Revision history for this message
OpenStack Infra (hudson-openstack) wrote : Fix merged to tripleo-heat-templates (master)

Reviewed: https://review.openstack.org/395454
Committed: https://git.openstack.org/cgit/openstack/tripleo-heat-templates/commit/?id=dde12b075ff51d4def4f49e635dd390a7f1f2cac
Submitter: Jenkins
Branch: master

commit dde12b075ff51d4def4f49e635dd390a7f1f2cac
Author: Michele Baldessari <email address hidden>
Date: Wed Nov 9 09:05:08 2016 +0100

    Fix race during major-upgrade-pacemaker step

    Currently when we call the major-upgrade step we do the following:
    """
    ...
    if [[ -n $(is_bootstrap_node) ]]; then
        check_clean_cluster
    fi
    ...
    if [[ -n $(is_bootstrap_node) ]]; then
        migrate_full_to_ng_ha
    fi
    ...
    for service in $(services_to_migrate); do
        manage_systemd_service stop "${service%%-clone}"
        ...
    done
    """

    The problem with the above code is that it is open to the following race
    condition:
    1. Code gets run first on a non-bootstrap controller node so we start
    stopping a bunch of services
    2. Pacemaker notices will notice that services are down and will mark
    the service as stopped
    3. Code gets run on the bootstrap node (controller-0) and the
    check_clean_cluster function will fail and exit
    4. Eventually also the script on the non-bootstrap controller node will
    timeout and exit because the cluster never shut down (it never actually
    started the shutdown because we failed at 3)

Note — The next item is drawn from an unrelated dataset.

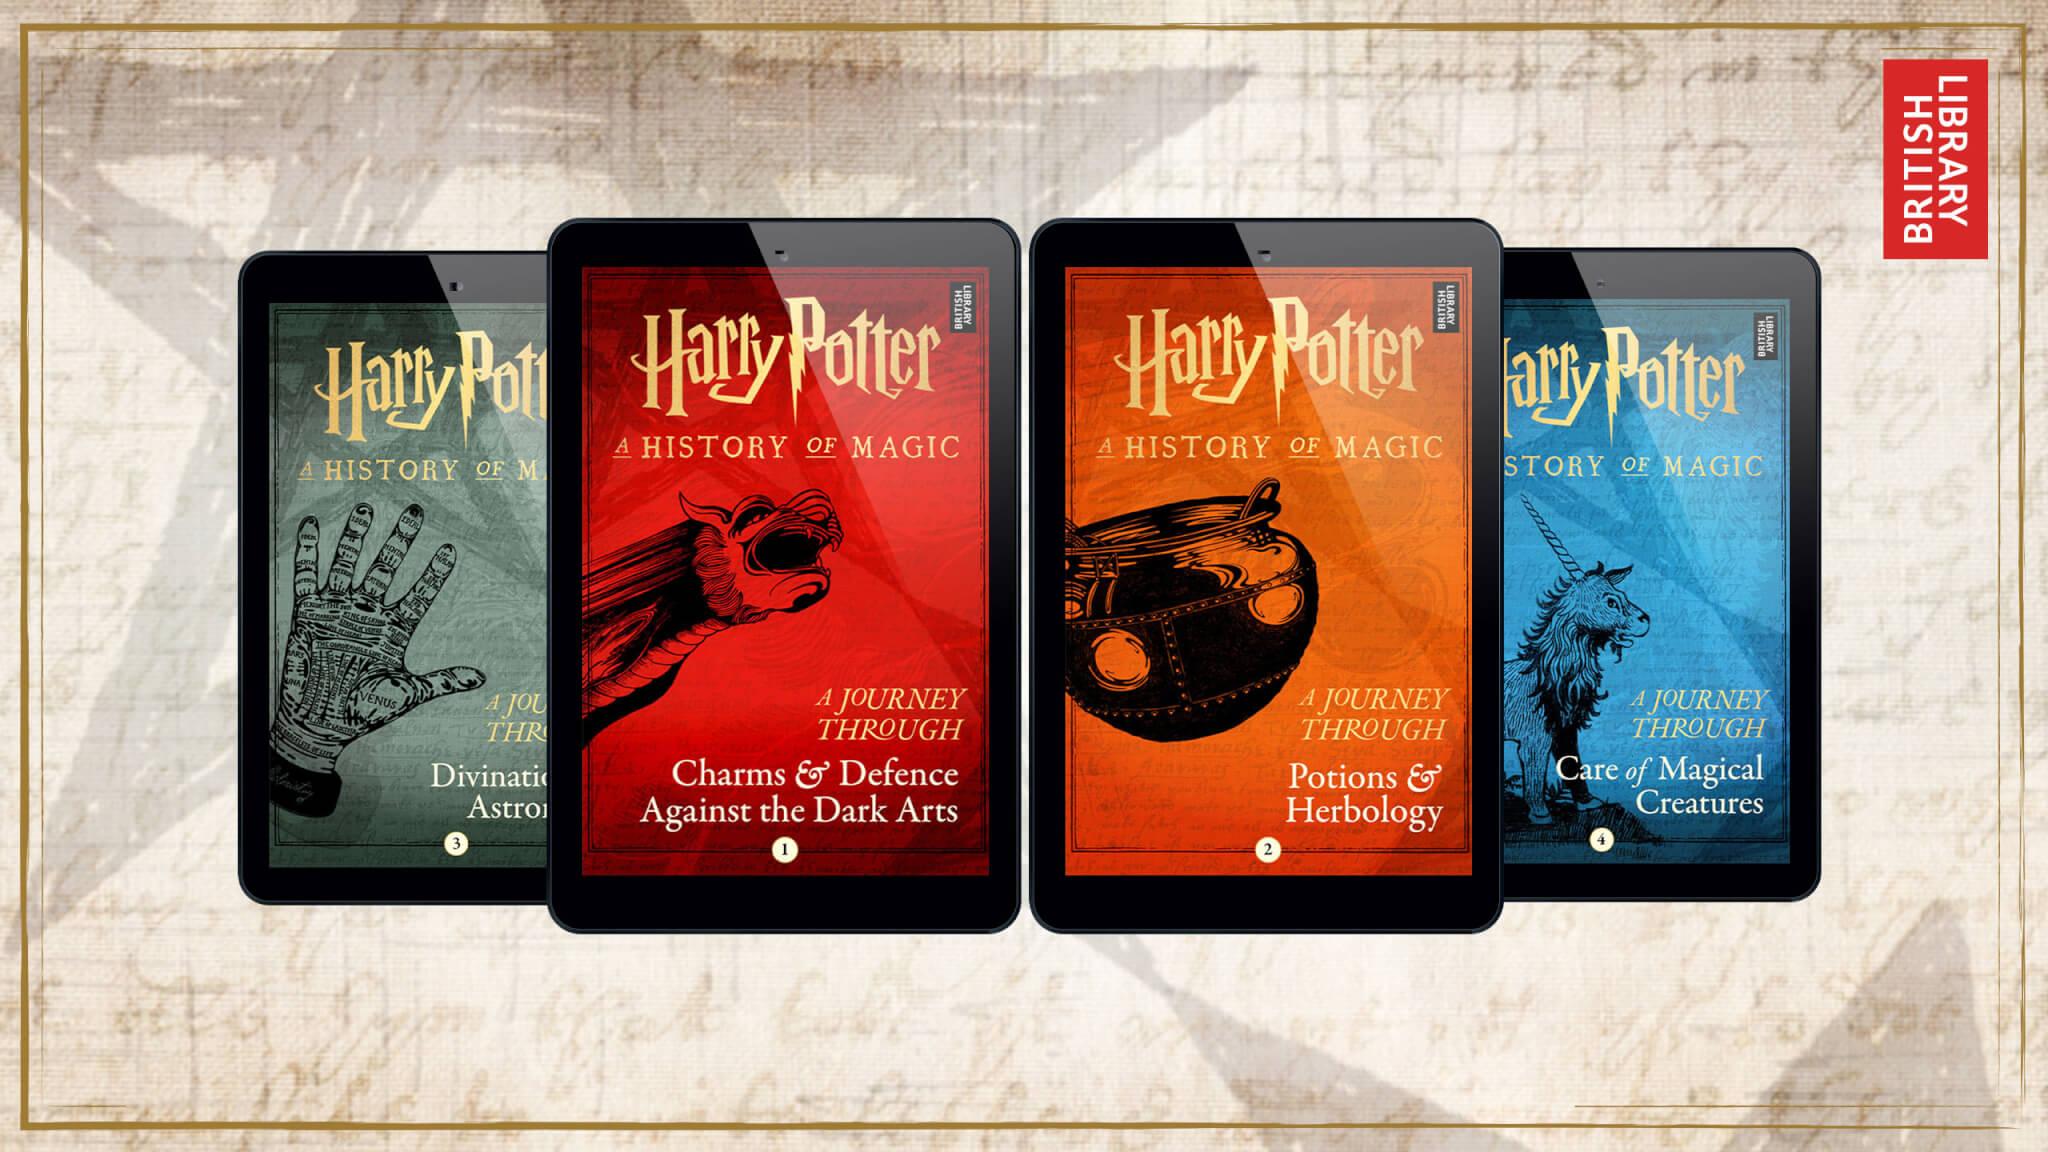 JK Rowling publica nuevos libros
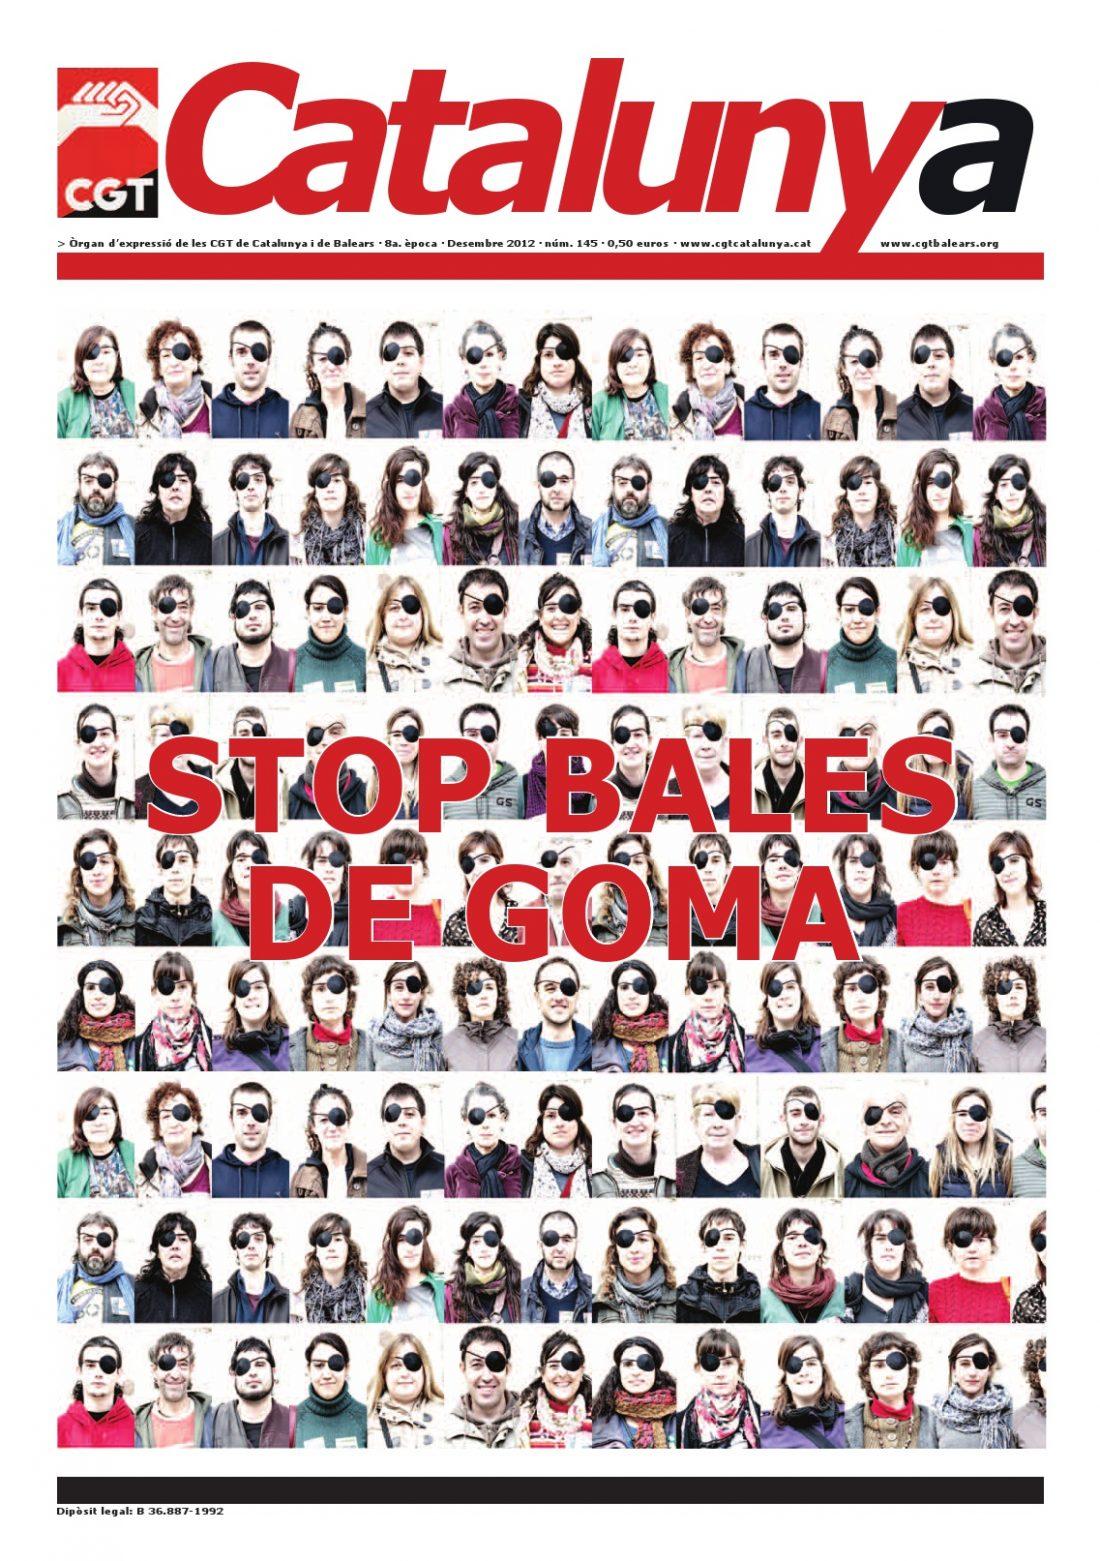 Catalunya núm. 145 – diciembre 2012

    Let's make sure we first only call the HA NG migration step as a
    separate heat step. Only afterwards we start shutting down the systemd
    services on all nodes.

    We also need to move the STONITH_STATE variable into a file because it
    is being used across two different scripts (1 and 2) and we need to
    store that state.

    Co-Authored-By: Athlan-Guyot Sofer <email address hidden>

    Closes-Bug: #1640407
    Change-Id: Ifb9b9e633fcc77604cca2590071656f4b2275c60